Spain, on the other hand, has rich renewable energy resources, and prioritises scaling up electrolyser technology, adapting industrial processes to green hydrogen and exploring the potential of storing hydrogen in its plan, which foresees a €1.5 billion investment from the EU pandemic recovery fund.
Claude Turmes, Luxembourg’s energy minister, in support of green hydrogen, suggested carrying out a review of the EU Emission Trading System, to ensure it stimulates the move from fossil to renewable hydrogen.
In the end, investing in electrolysers is “the most important question for the future of hydrogen,” said Turmes. Investing in blue hydrogen does not help the cause, he added.
Alongside member state initiatives, the Commission is deploying a number of tools to bring the hydrogen economy to life.
In Horizon Europe, the EU’s research programme, seven public-private partnerships will work on technology for the hydrogen economy.
With an EU contribution of €1 billion matched by industry money, the Clean Hydrogen Partnership for Europe will develop technology for producing, distributing and storing clean hydrogen. The partnership is a continuation of a previous 12-year initiative between the Commission and the industry, which boosted electrolyser capacity from 0.15MW in 2011 to 100MW in 2021. The regulation for the new partnership is currently in the hands of the member states. Once it is settled, the Commission hopes to launch it by the end of the year.
Six other Horizon Europe initiatives will focus on decarbonising rail, aviation and steel, among other sectors, developing hydrogen-powered alternatives in the next seven years.
Scale-up will require synergies between different programmes. Here, member states hope the European Research Area (ERA) will help catalyse innovation.
Last year, member states renewed their commitment to creating a common European market for research, after the failed first attempt initiated 20 years ago. Now, they hope it can enable hydrogen innovation through partnerships and joint investments, according to December Council conclusions.

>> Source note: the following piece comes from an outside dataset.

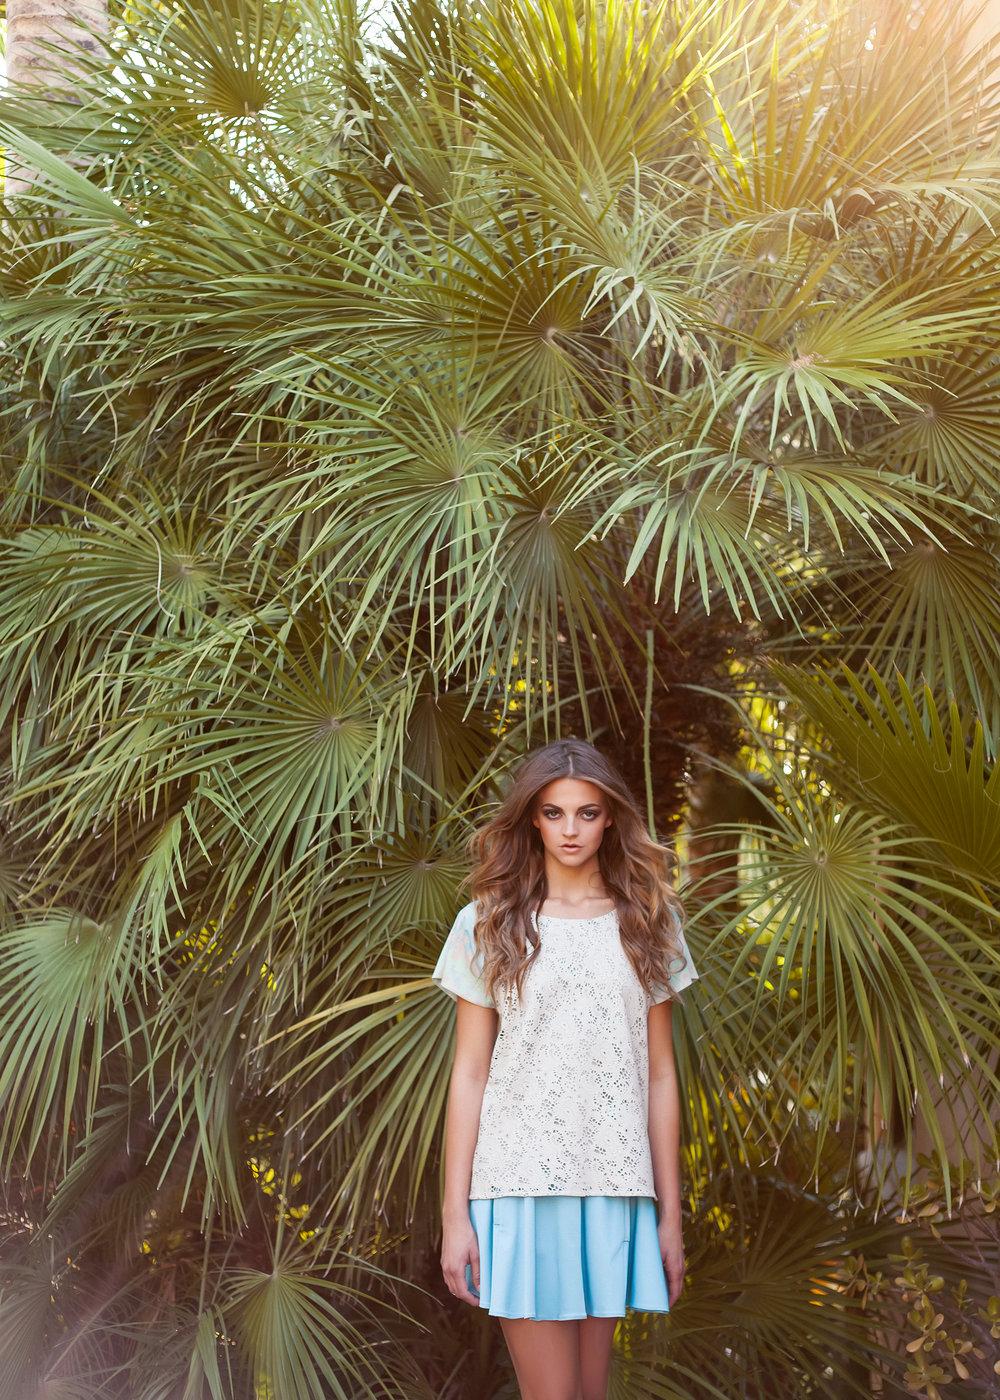 JessicaFaulkner-SS14_006.jpg

In December, member states also launched an “Important Project of Common European Interest” for hydrogen, a legal framework for big cross-border projects, which allows member states to coordinate and fund innovation in the hydrogen value chain.
Christian Holzleitner, head of unit for land use and finance for innovation at the Commission, says Europe already knows how to get to its final destination. “The challenge that we have is to up-scale all of these technologies and to put them on the market,” he said.
Here, money is needed. While technologies for producing hydrogen are still significantly more expensive than fossil fuel, the EU is ready to help level the playing field. In the next decade, the European Investment Bank can provide enough financing to cover 60% of the gap in pricing between fossil fuel and hydrogen technologies, Holzleitner said.
But for once, the money does not seem to be the main issue. Right now, “setting a clear vision is key,“ said EU energy commissioner, Kadri Simson.